BEGIN DATASET EXTRACT

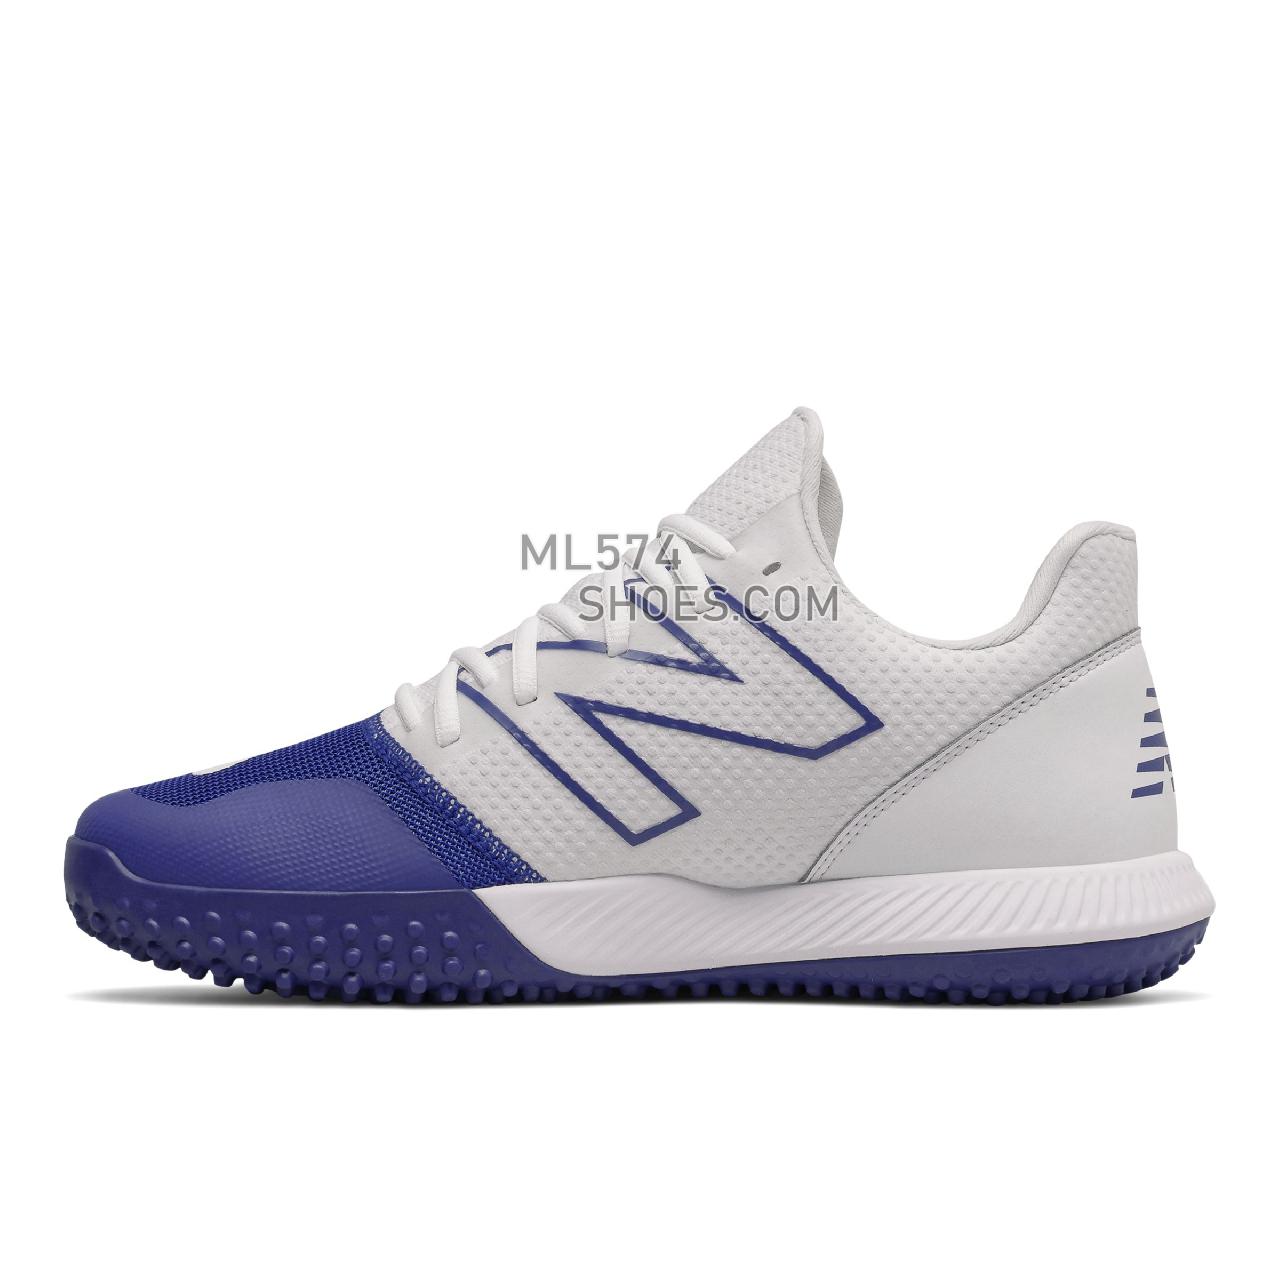 New Balance FuelCell 4040 v6 Turf Trainer - Men's Baseball Turf - Team Royal with White - T4040TB6
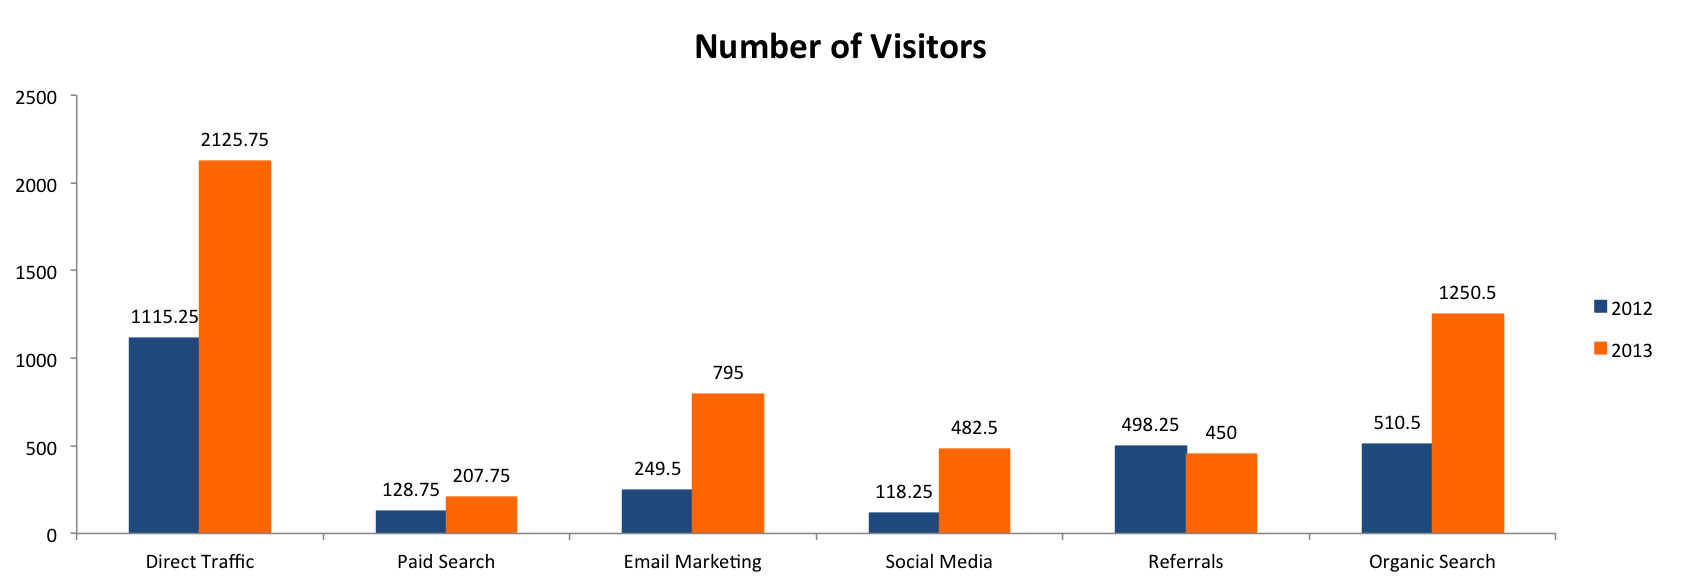 Number_of_Visitors_by_Source
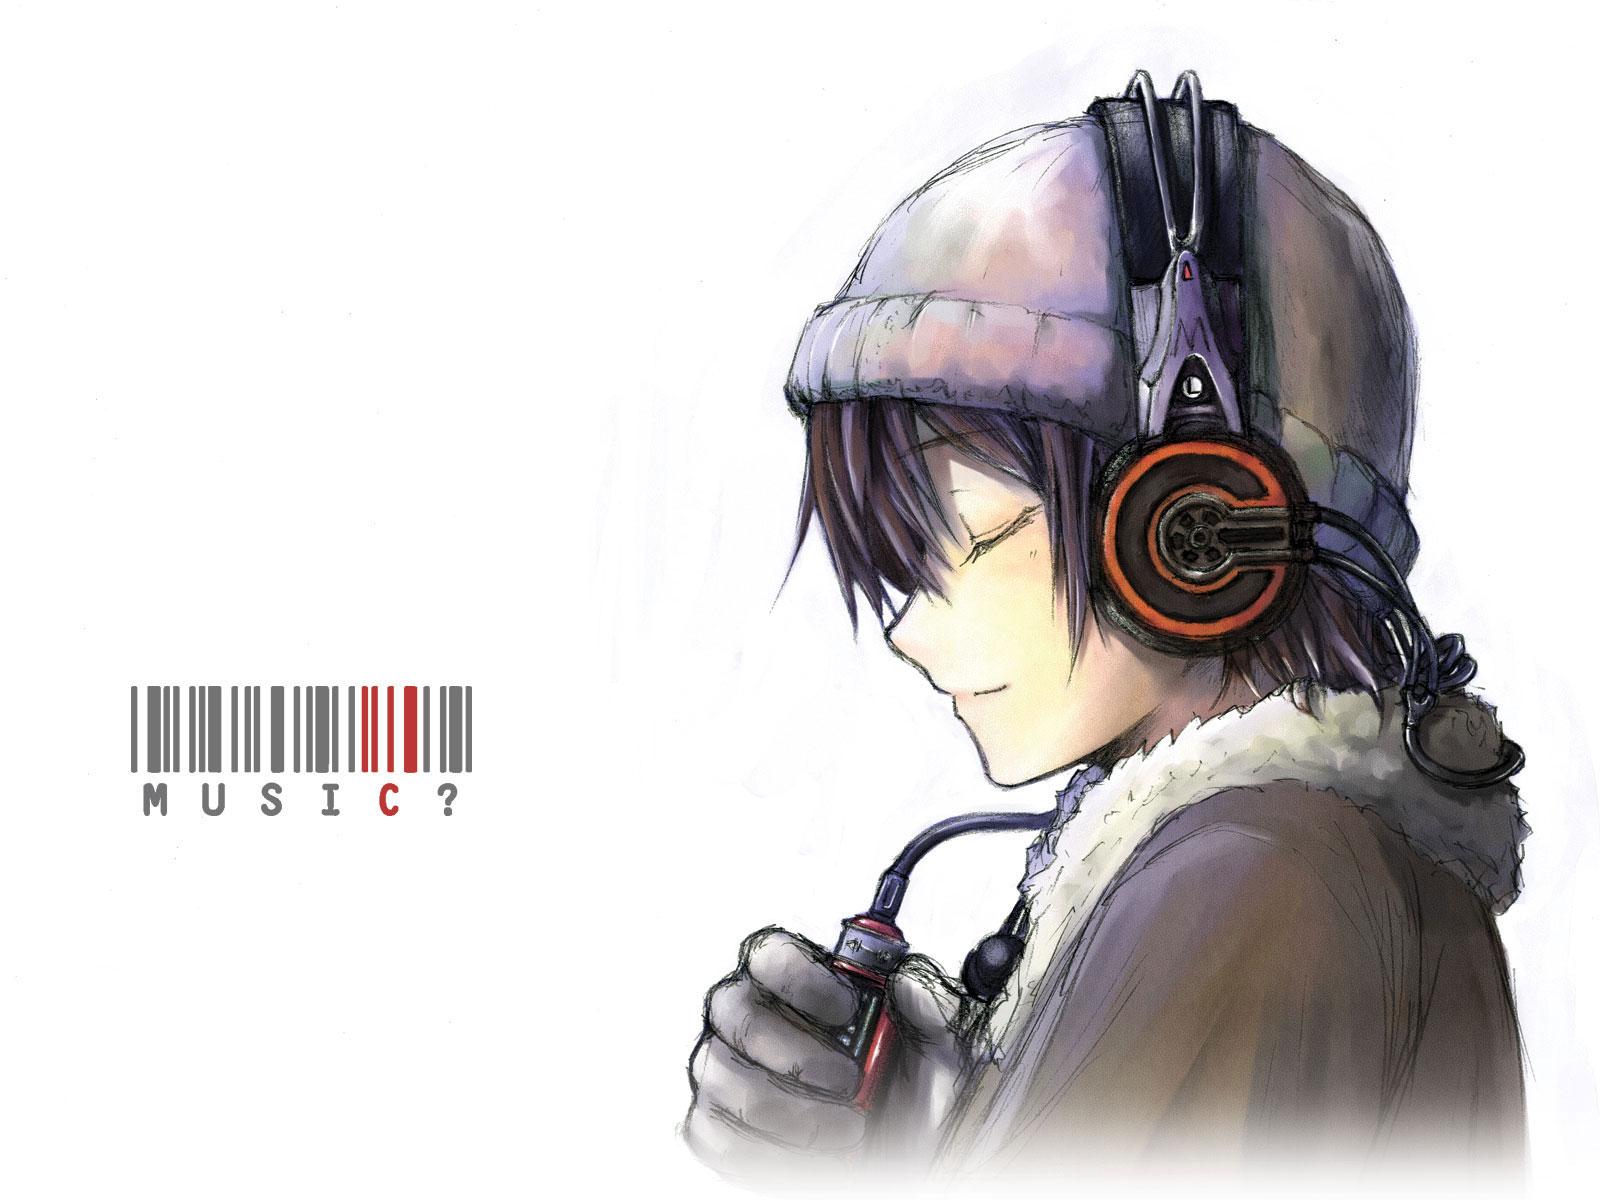 500 Anime Music 2048x1152 Wallpapers  Background Beautiful Best Available  For Download Anime Music 2048x1152 Images Free On Zicxacomphotos  Zicxa  Photos

END DATASET EXTRACT

**AIM OF THE TASK**
The reply should consist only of the lines running from the one with "Number_of_Visitors_by_Source" through the end of the material, both included, copied exactly; please omit pictures.

**EXERCISE RESULT**
 Number_of_Visitors_by_Source
 500 Anime Music 2048x1152 Wallpapers  Background Beautiful Best Available  For Download Anime Music 2048x1152 Images Free On Zicxacomphotos  Zicxa  Photos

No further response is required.